Unable to run Airflow Tasks due to execution date and start date

Branko picture Branko · Sep 13, 2017 · Viewed 10.9k times · Source

Whenever I try to run a DAG, it will be in the running state but the tasks will not run. I have set my start date to datetime.today() and my schedule interval to "* * * * *". Manually triggering a run will start the dag but the task will not run due to:

The execution date is 2017-09-13T00:00:00 but this is before the task's start date 2017-09-13T16:20:30.363268.

I have tried various combinations of schedule intervals (such as a specific time each day) as well as waiting for the dag to be triggered and manual triggers. Nothing seems to work.

Answer

mustafagok picture mustafagok · May 10, 2019

First of all start_date is a task attribute; but in general, it is set in default_args and used like dag attribute.

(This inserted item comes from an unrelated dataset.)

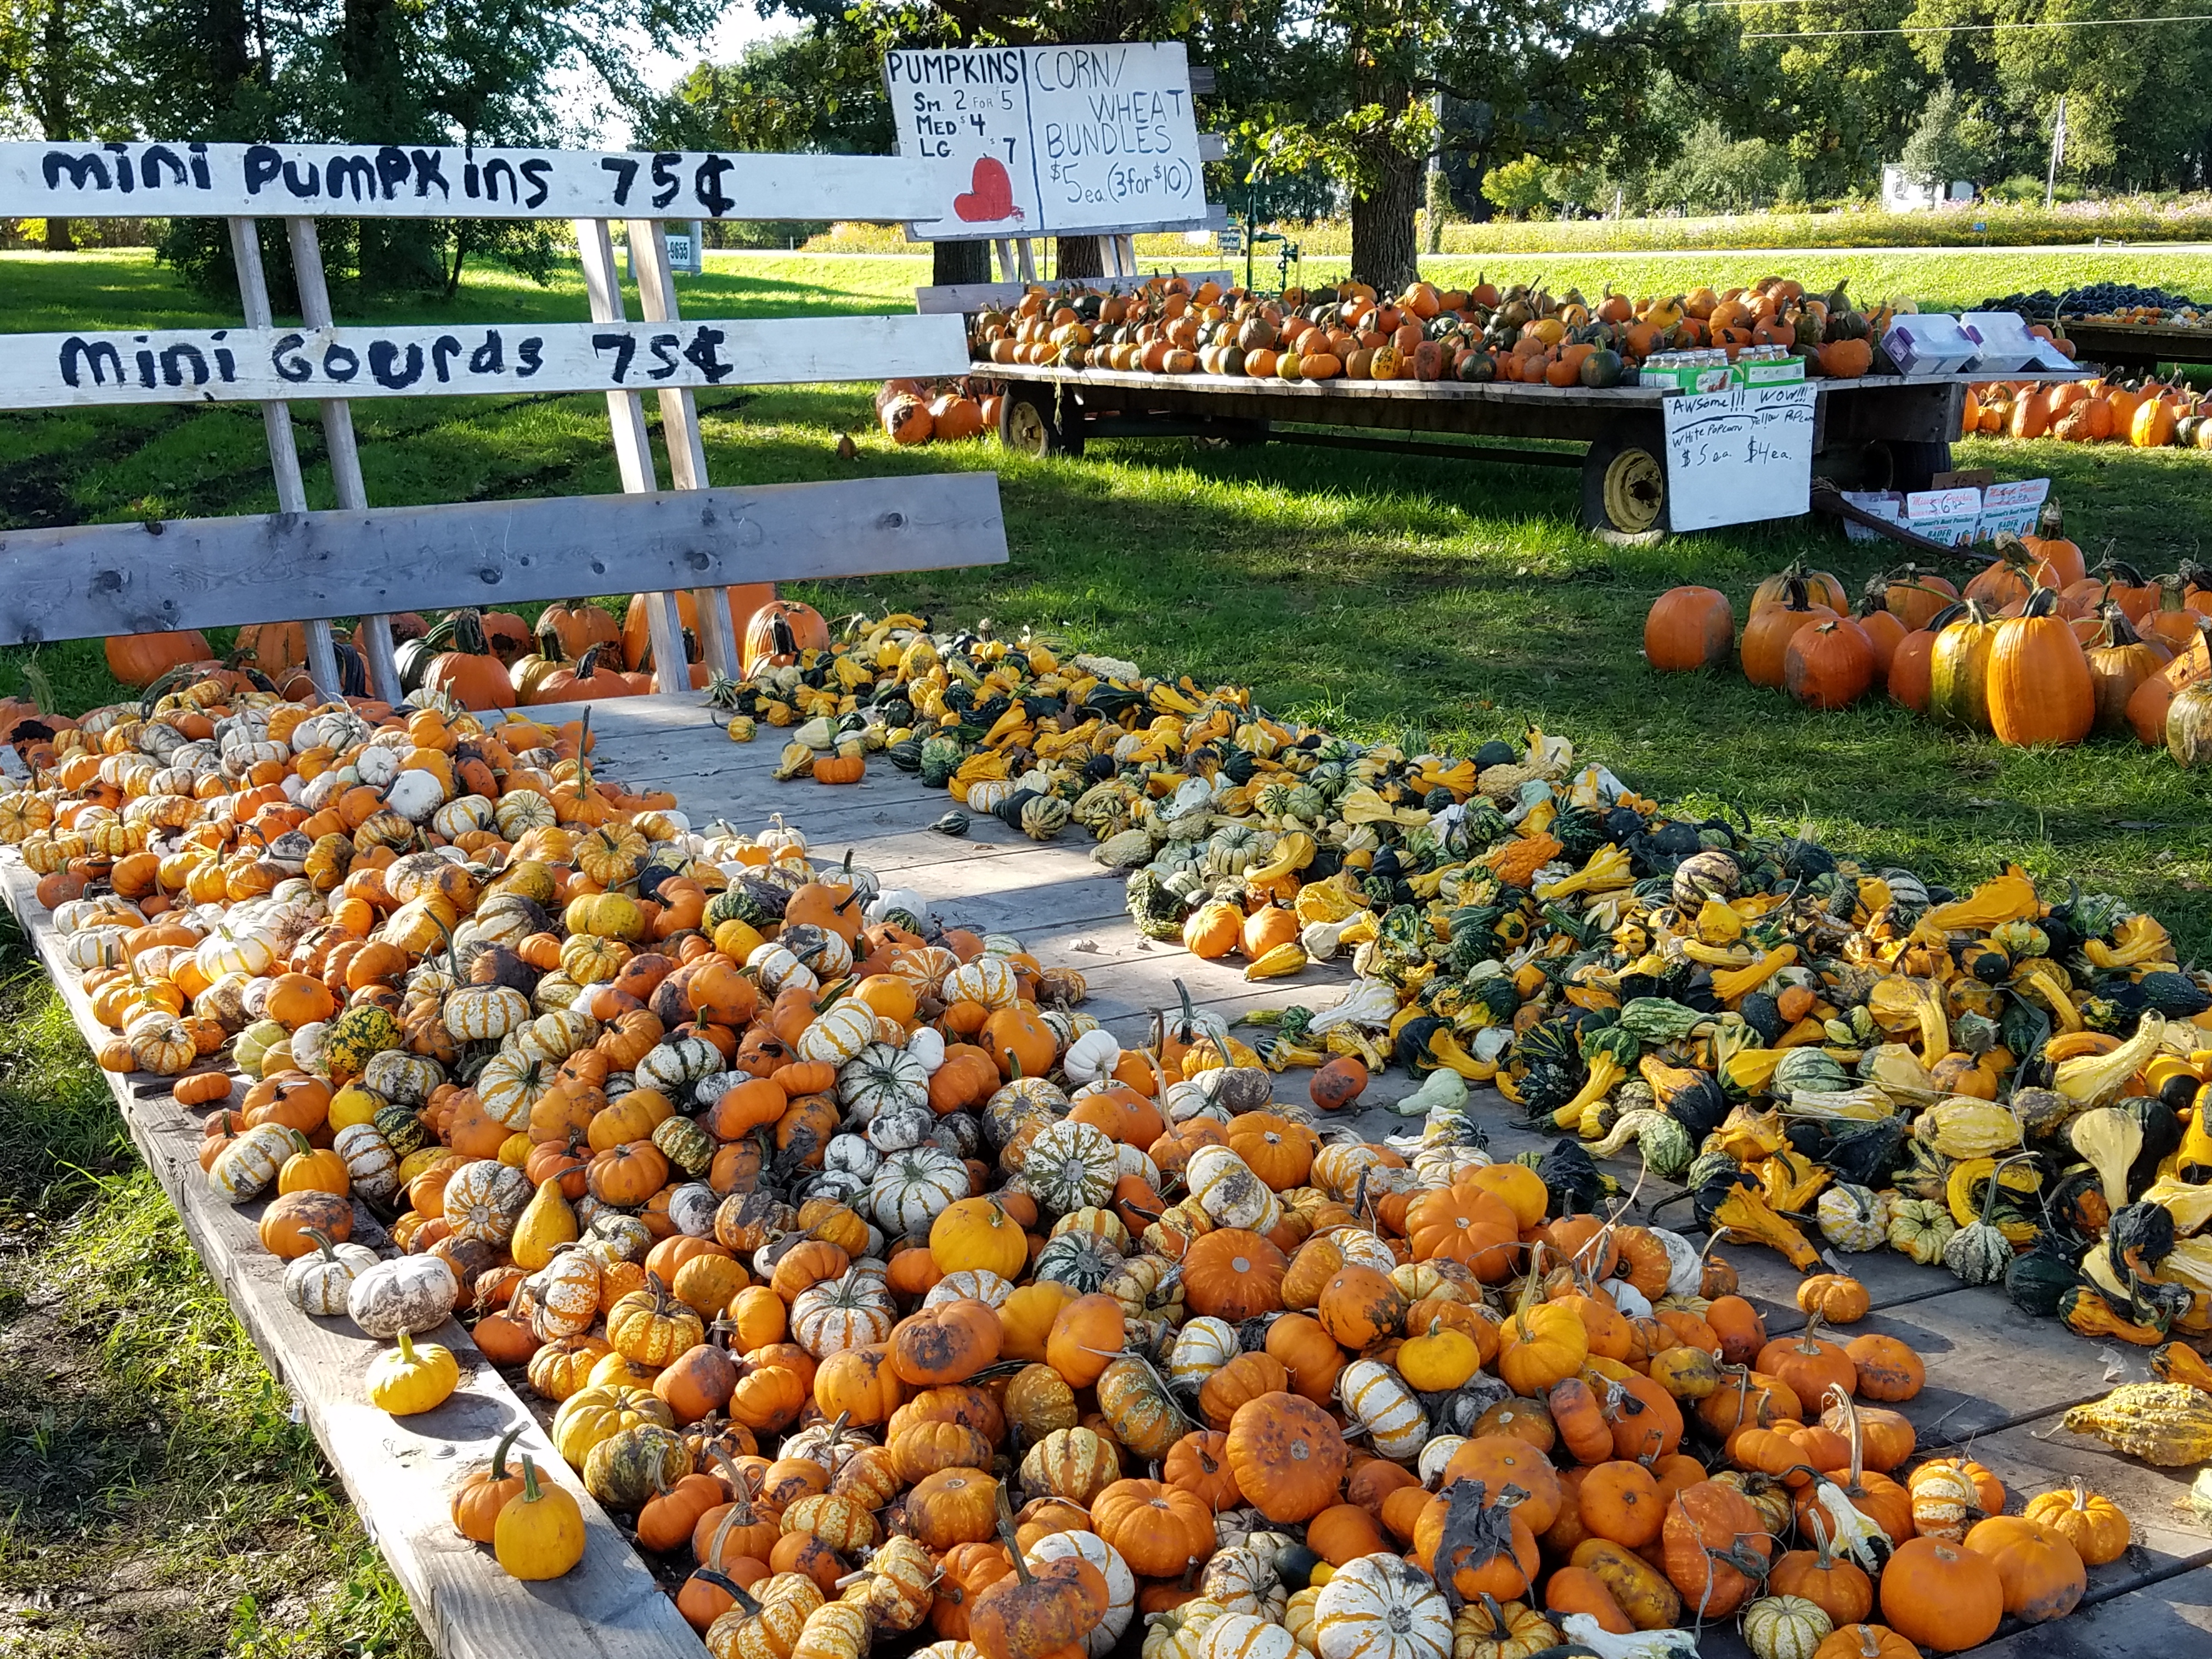 mini-pumpkins-and-gourds-7630.jpg

The message is very clear, if a task's execution_date is before the task's start_date, it can not be scheduled. You can set start_date smaller value:

import datetime

default_args = {
    'start_date': datetime.datetime(2019, 1, 1)  # hard coded date
}

or

import airflow

default_args = {
    'start_date': airflow.utils.dates.days_ago(7)  # 7 days ago
}

From Airflow Documentation

Note that if you run a DAG on a schedule_interval of one day, the run stamped 2016-01-01 will be trigger soon after 2016-01-01T23:59. In other words, the job instance is started once the period it covers has ended.

Let’s Repeat That The scheduler runs your job one schedule_interval AFTER the start date, at the END of the period.

So, when you schedule your dag, any dag_run's execution_date will be smaller than its start time. For daily, there will be 24 hours difference.

We can say start time = execution_date + schedule_interval